● **Work required**
Take the lines from the one containing "impresoras y scanners" through the final line below and restate them exactly. Omit the pictures.

● **Data extract**
»»
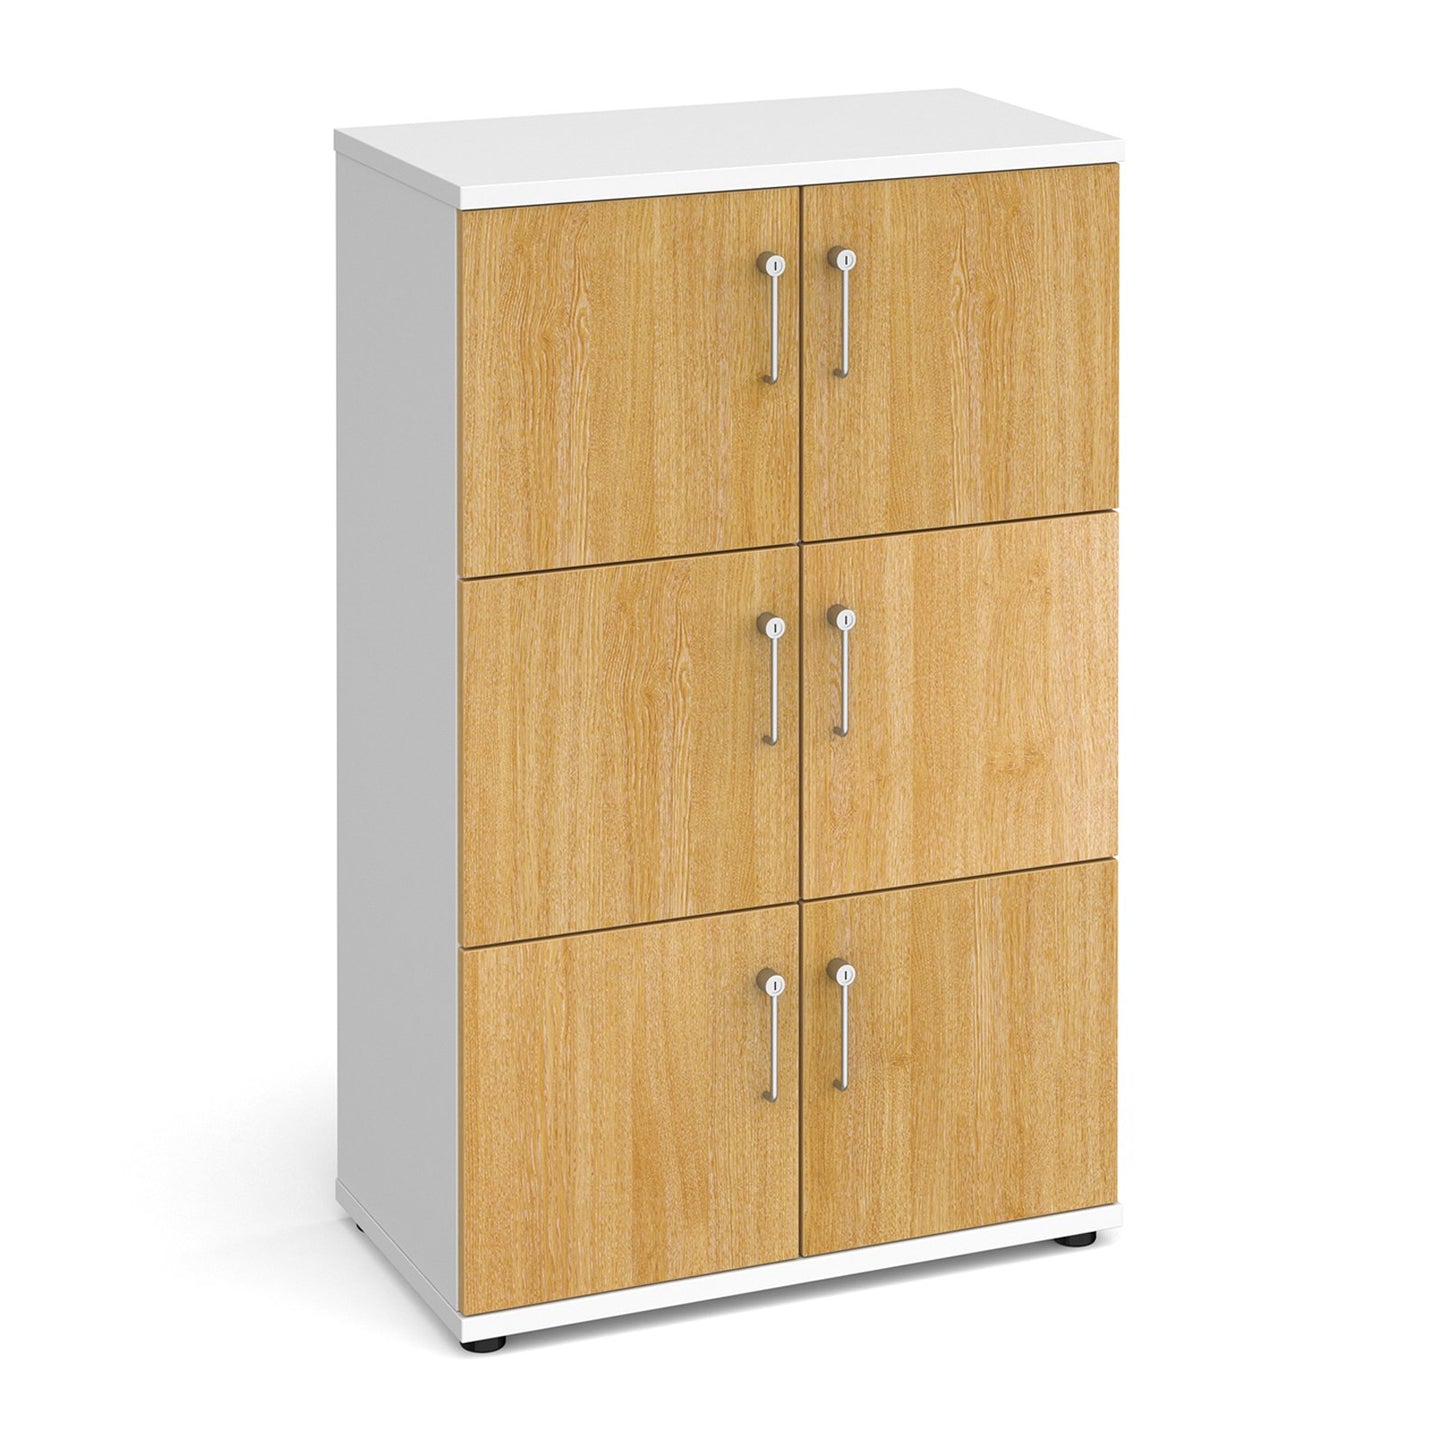 Wooden storage lockers
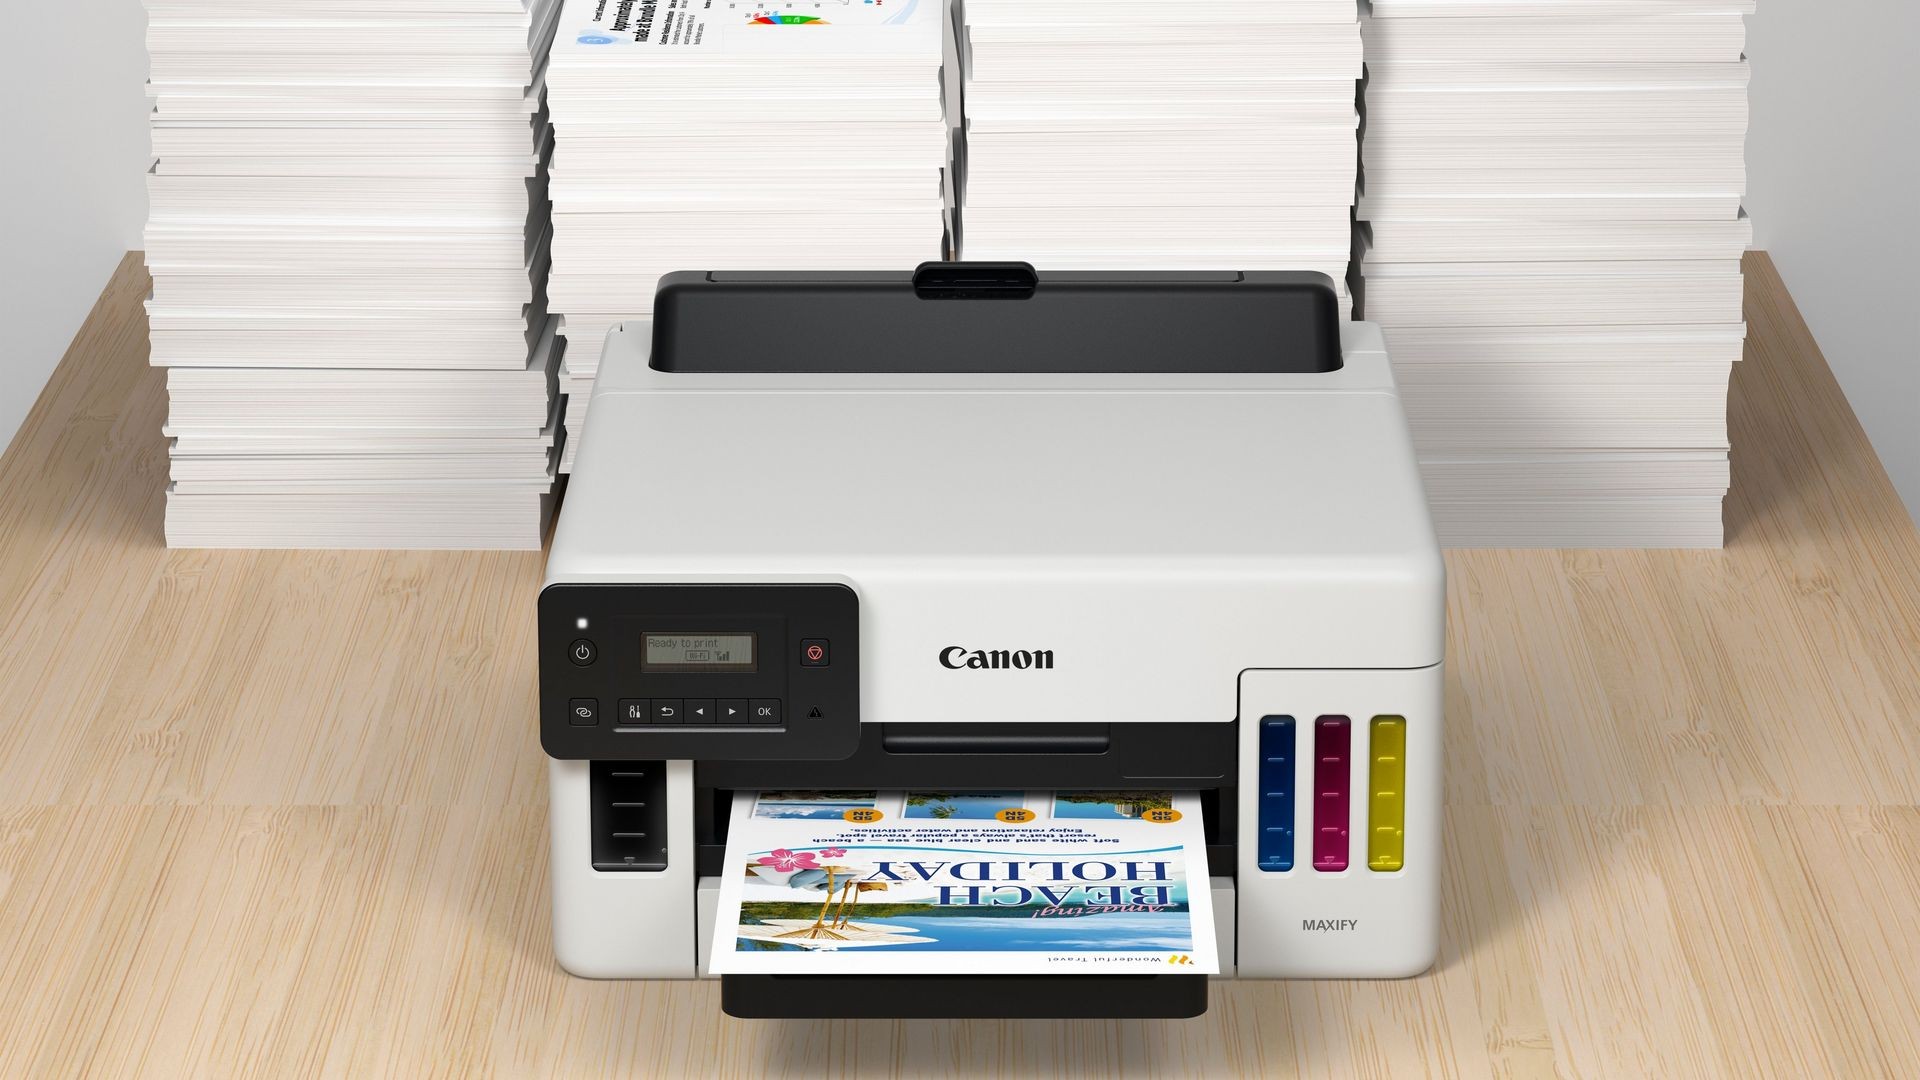 impresoras y scanners - CANON GX5010 MAXIFY, INALÁMBRICA MEGATANK, ALTA PRODUCTIVIDAD DE IMPRESIÓN 1
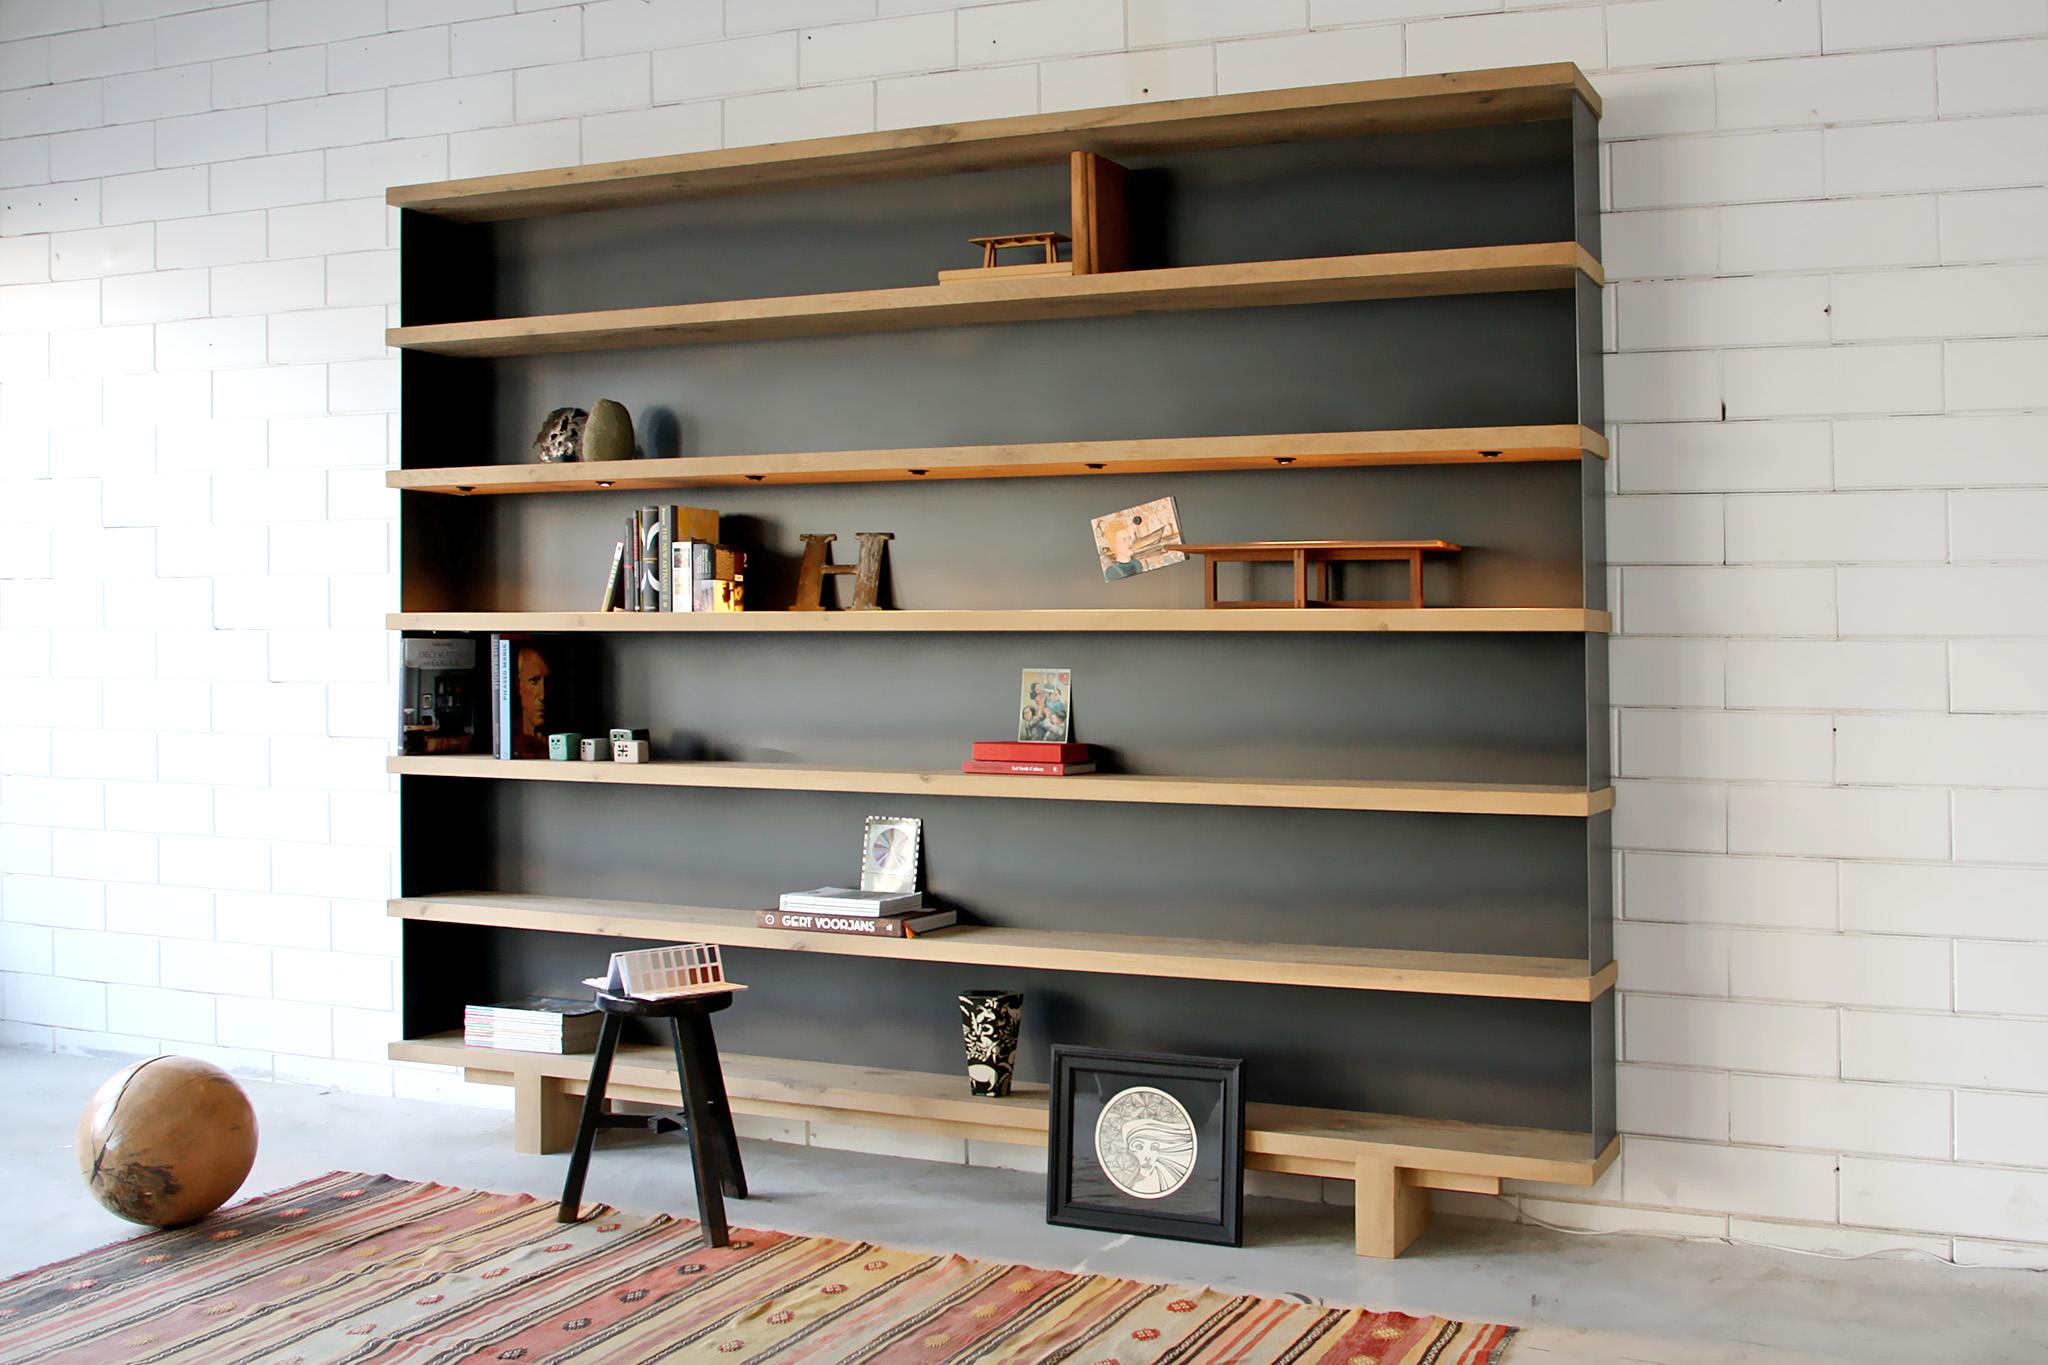 boekenkast / ontwerp uit 2014 van Joeri Koolhoven
««
● **Task result**
 impresoras y scanners - CANON GX5010 MAXIFY, INALÁMBRICA MEGATANK, ALTA PRODUCTIVIDAD DE IMPRESIÓN 1
 boekenkast / ontwerp uit 2014 van Joeri Koolhoven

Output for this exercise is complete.